For the copy, please give all of the data again exactly and leave the pictures out.
Start of Provided material
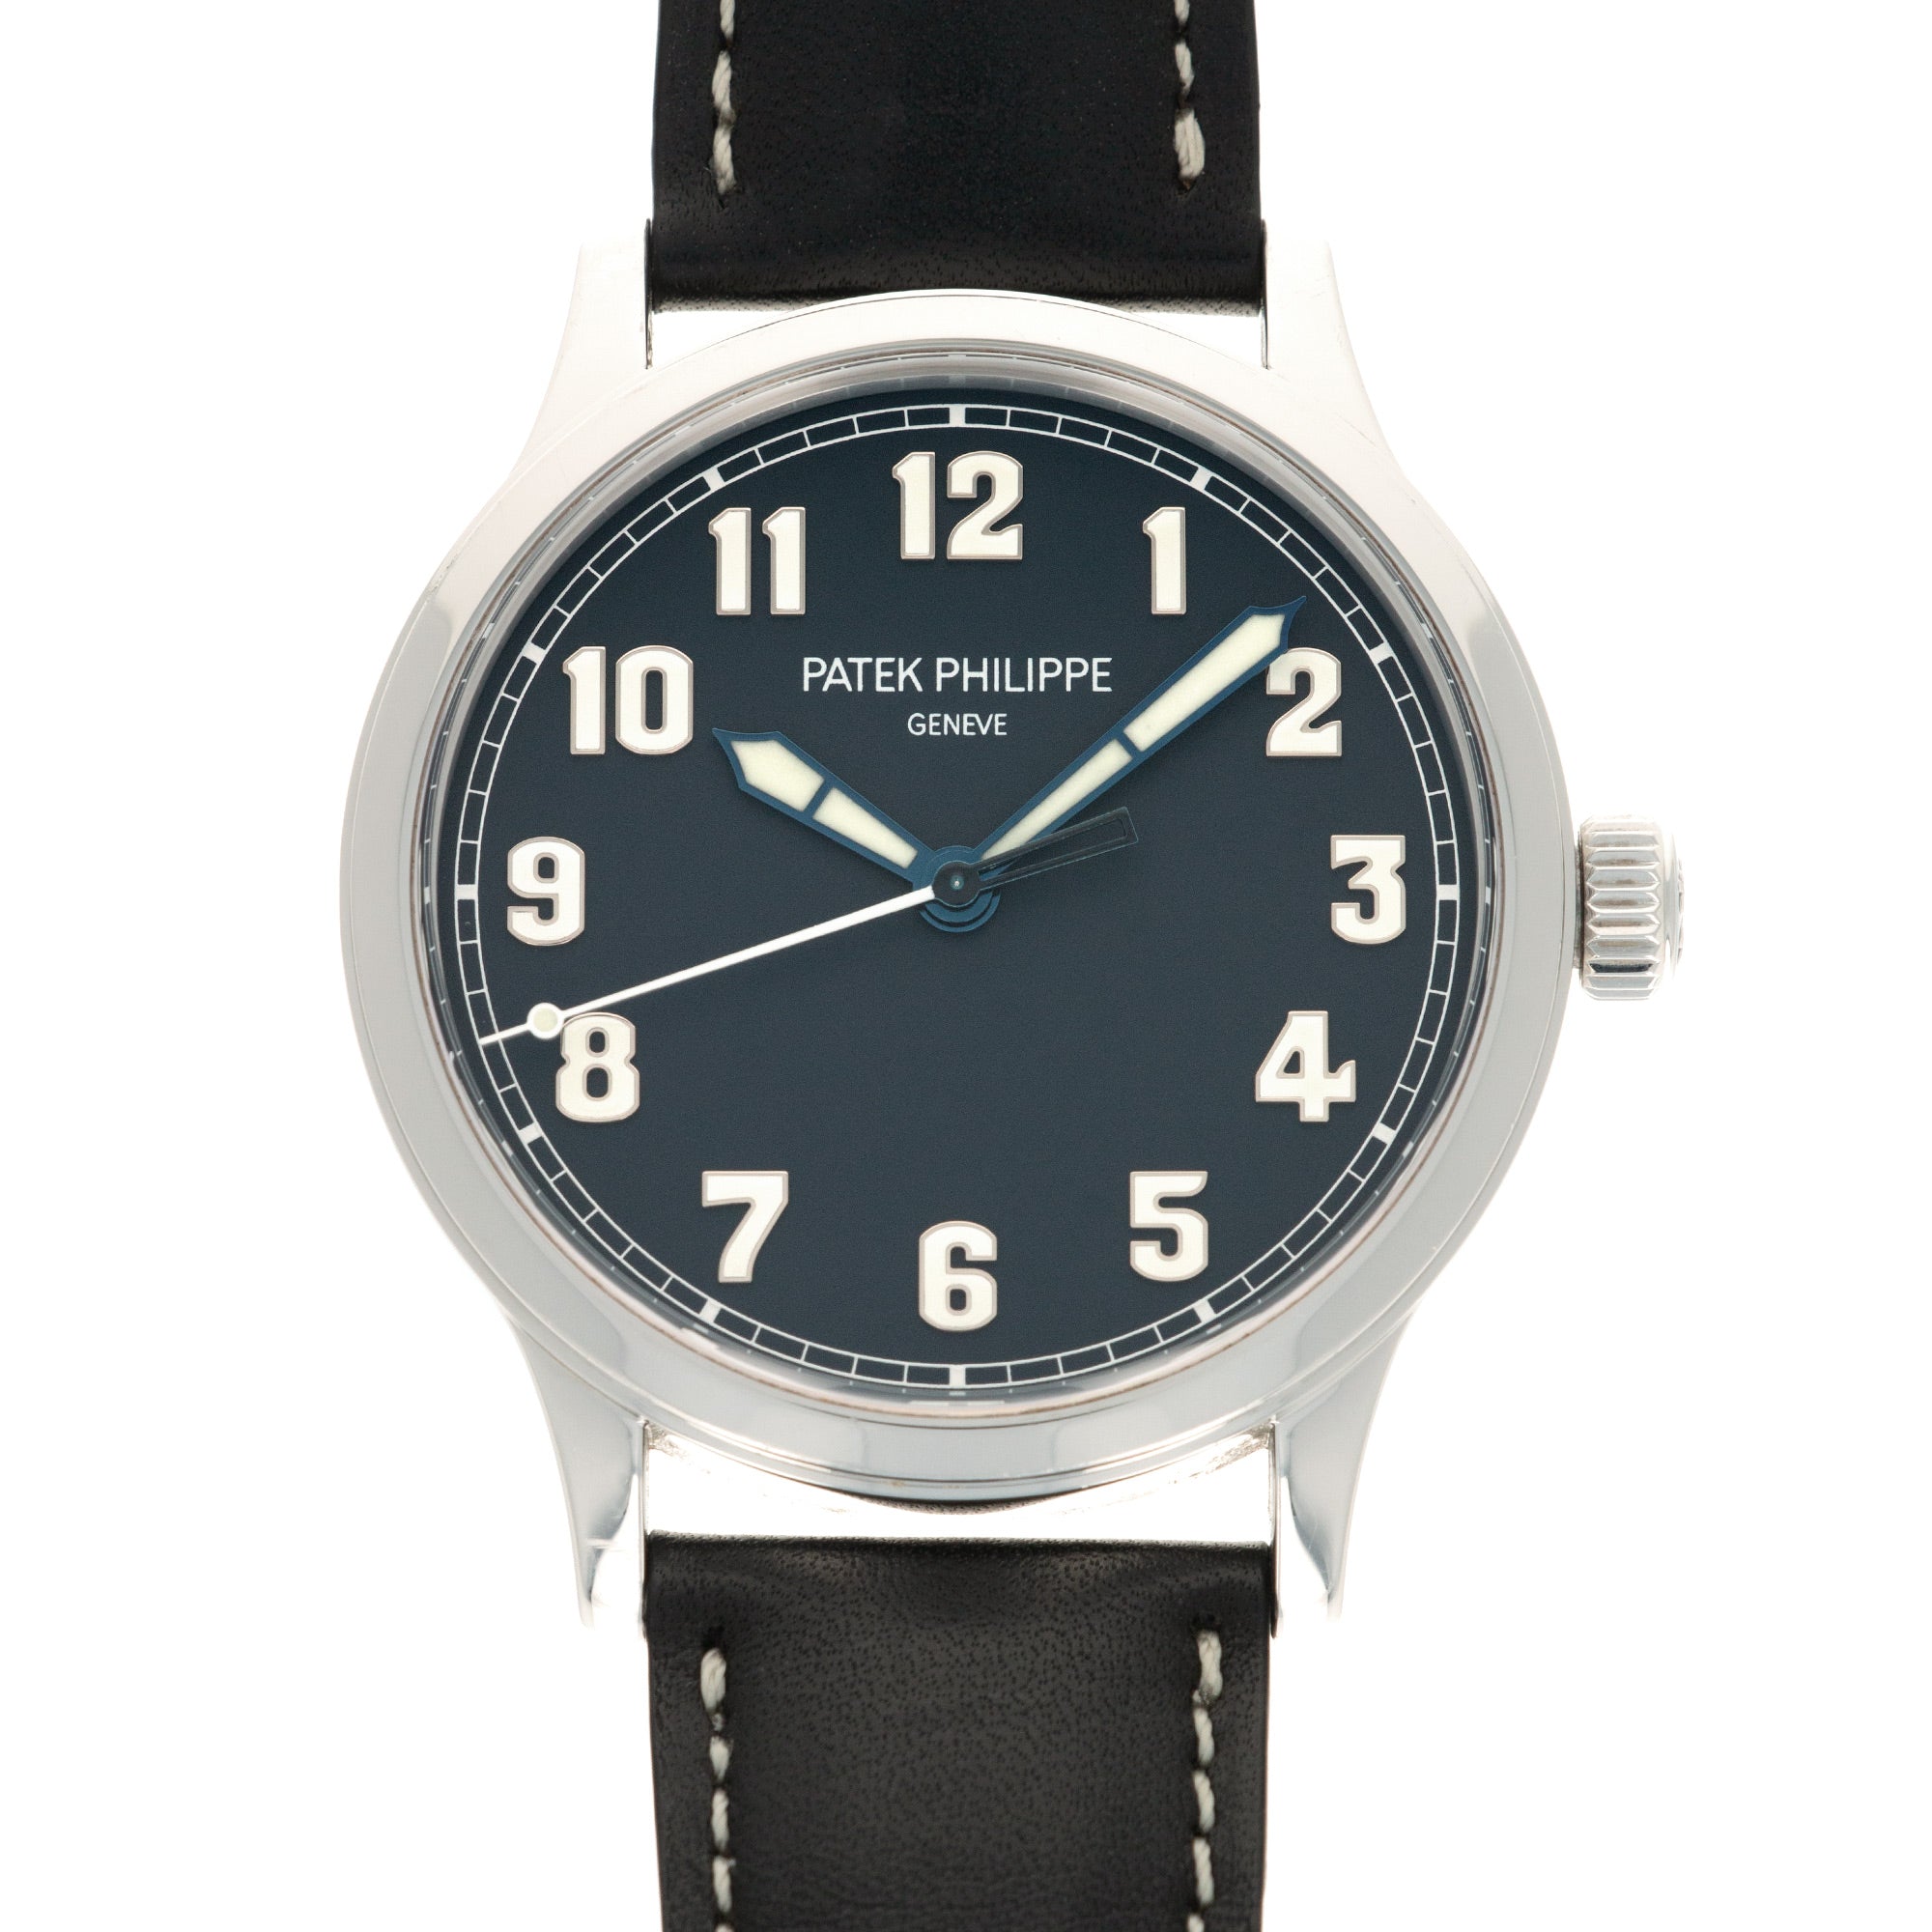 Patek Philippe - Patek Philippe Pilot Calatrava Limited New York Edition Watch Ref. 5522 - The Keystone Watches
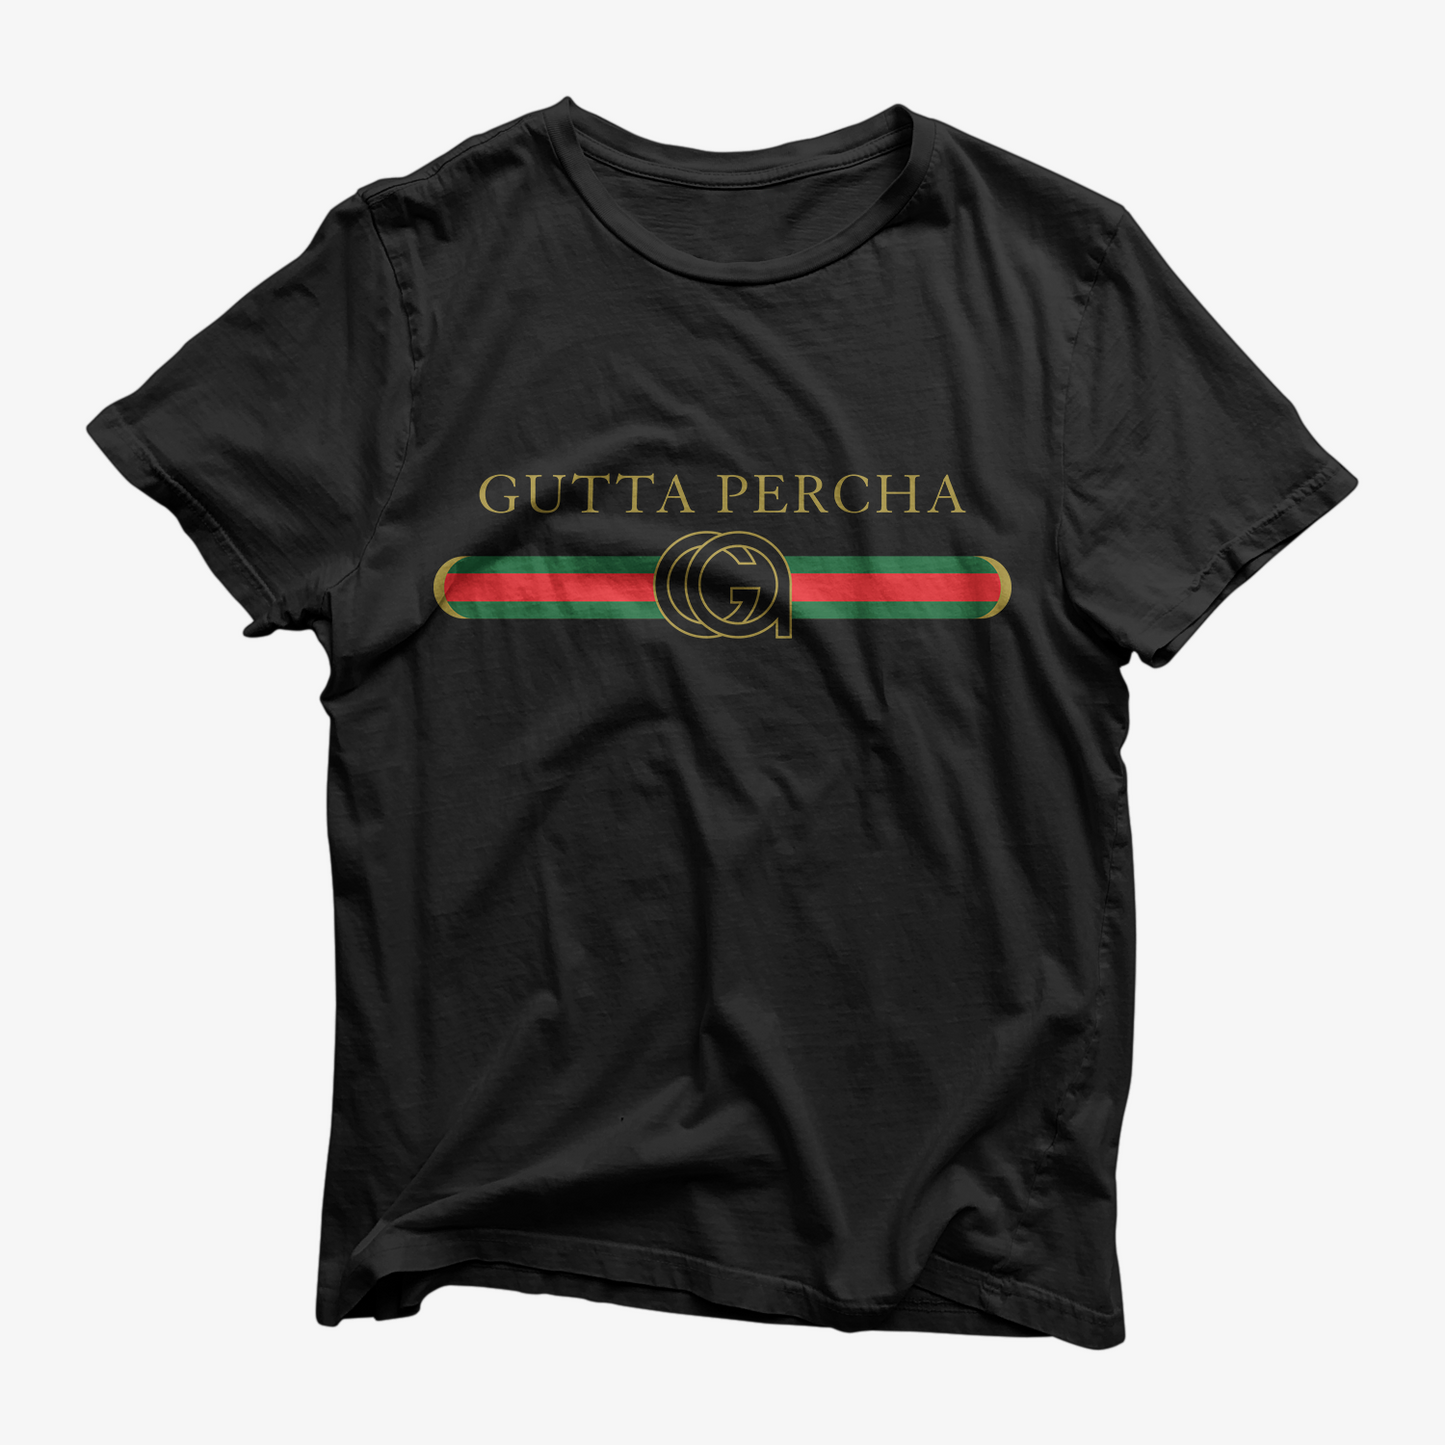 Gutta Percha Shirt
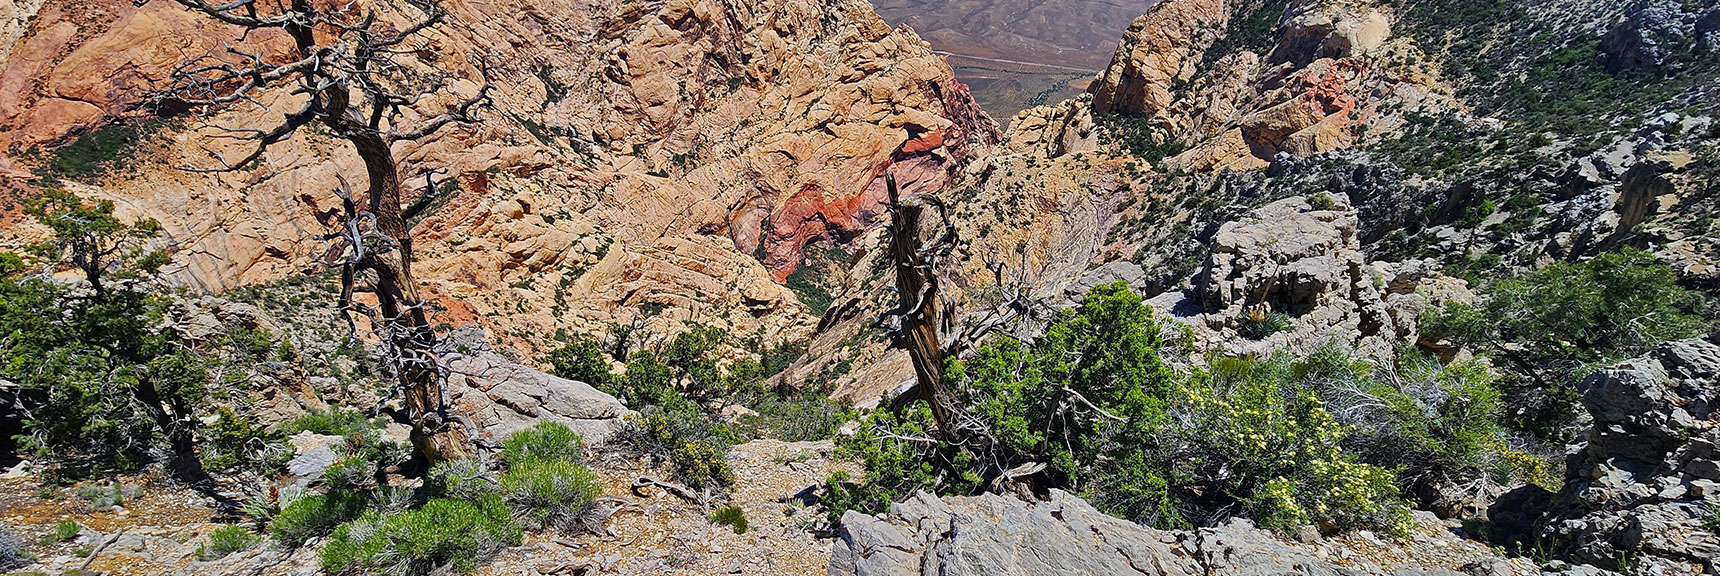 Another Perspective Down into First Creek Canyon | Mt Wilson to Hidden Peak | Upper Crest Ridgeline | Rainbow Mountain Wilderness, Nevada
End of Provided material
§ **Exercise response**:
 Patek Philippe - Patek Philippe Pilot Calatrava Limited New York Edition Watch Ref. 5522 - The Keystone Watches
 Gutta Percha Shirt
 Another Perspective Down into First Creek Canyon | Mt Wilson to Hidden Peak | Upper Crest Ridgeline | Rainbow Mountain Wilderness, Nevada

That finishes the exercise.